If the survey results are directionally correct, why might author earnings be declining?
When these reports hit the major media, the blame almost always falls squarely on book publishers. In the Guardian, the headline is “Publishers are paying writers a pittance, say bestselling authors.”
However, the survey data doesn’t prove that publishers are the cause of the decline. Rather, that’s the spin applied to the data—at least by The Guardian and the bestselling authors they interviewed. As you might imagine, it’s not hard to find an author willing to complain they’re not paid enough by publishers. In addition to publishers, Solomon blames Amazon for not sharing in its profits—another common refrain, especially in the US market.
Let’s assume that this survey is surfacing a real decline in earnings among the professional writer class while, at the same time, publishers’ revenues are increasing. What might be going on? A quick list off the top of my head:
As Lownie points out, a greater share of sales may be in discount/bulk sale categories where authors are paid a lower royalty rate.

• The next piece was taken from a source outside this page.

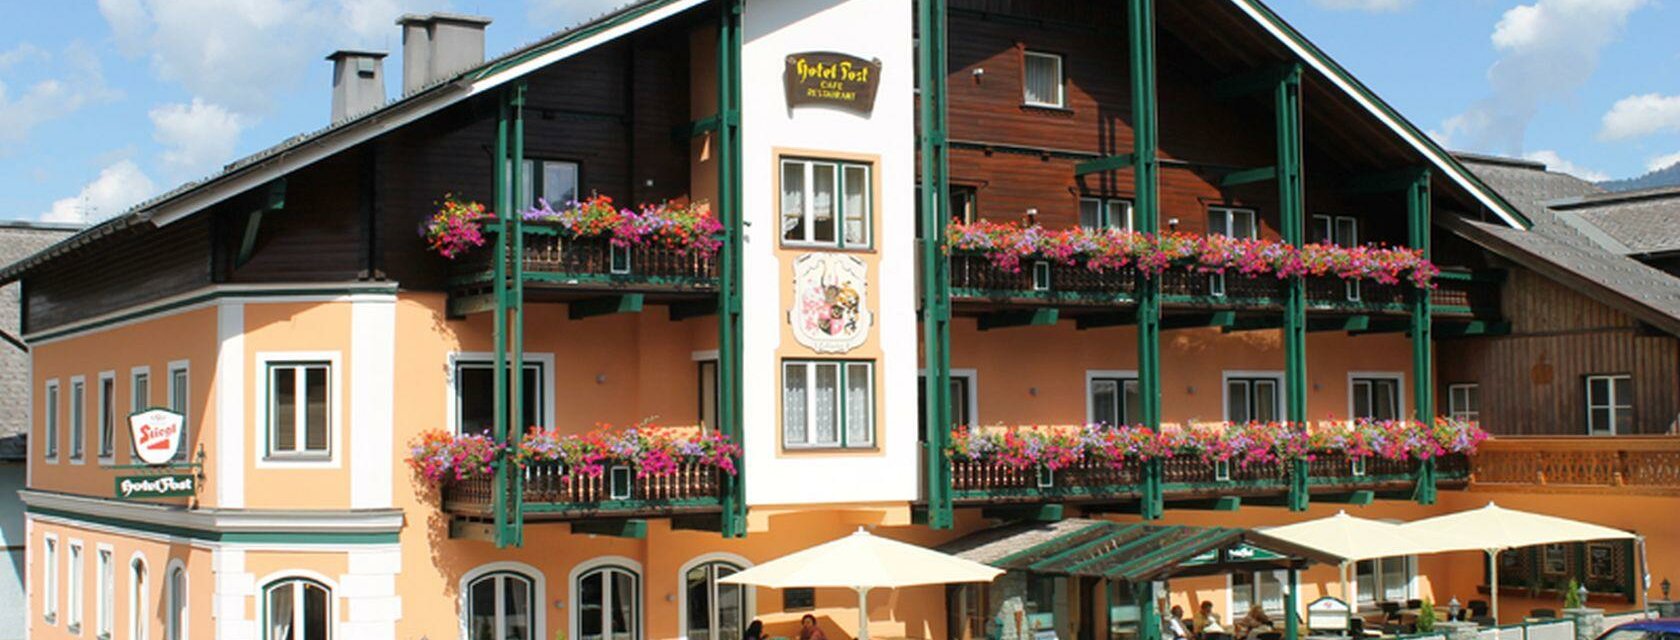 Hotel Post im Zentrum von Bad Mitterndorf

Publishers may be more fiscally conservative in their advances and no longer pay that effective higher royalty rate as described by Cader.
The authors being surveyed may be writing in categories that have suffered declines in readership and sales over the years. See charts below; they are somewhat dated now, but recent industry reports show that frontlist fiction is flat to declining. YA/juvenile categories see growth whereas adult fiction does not, at least in the US.
Even though traditional publishing revenues are up, it may be driven by increased pricing or by products that don’t require authors or royalties. For example, coloring books were a huge contributor to print growth a couple years ago.
Self-publishing authors may be taking away market share and earnings from traditionally published authors, especially in fiction categories.
It would, of course, be fabulous if publishers offered some transparency, as Solomon requests, on the percentage of their revenues or profits that ends up going to writers. That seems unlikely, but some independent publishers may have the freedom to be so open. Literary agencies, too, might be able to offer trends they’ve seen from year to year, without divulging sensitive figures about specific clients.
Do these studies tell us anything meaningful or useful?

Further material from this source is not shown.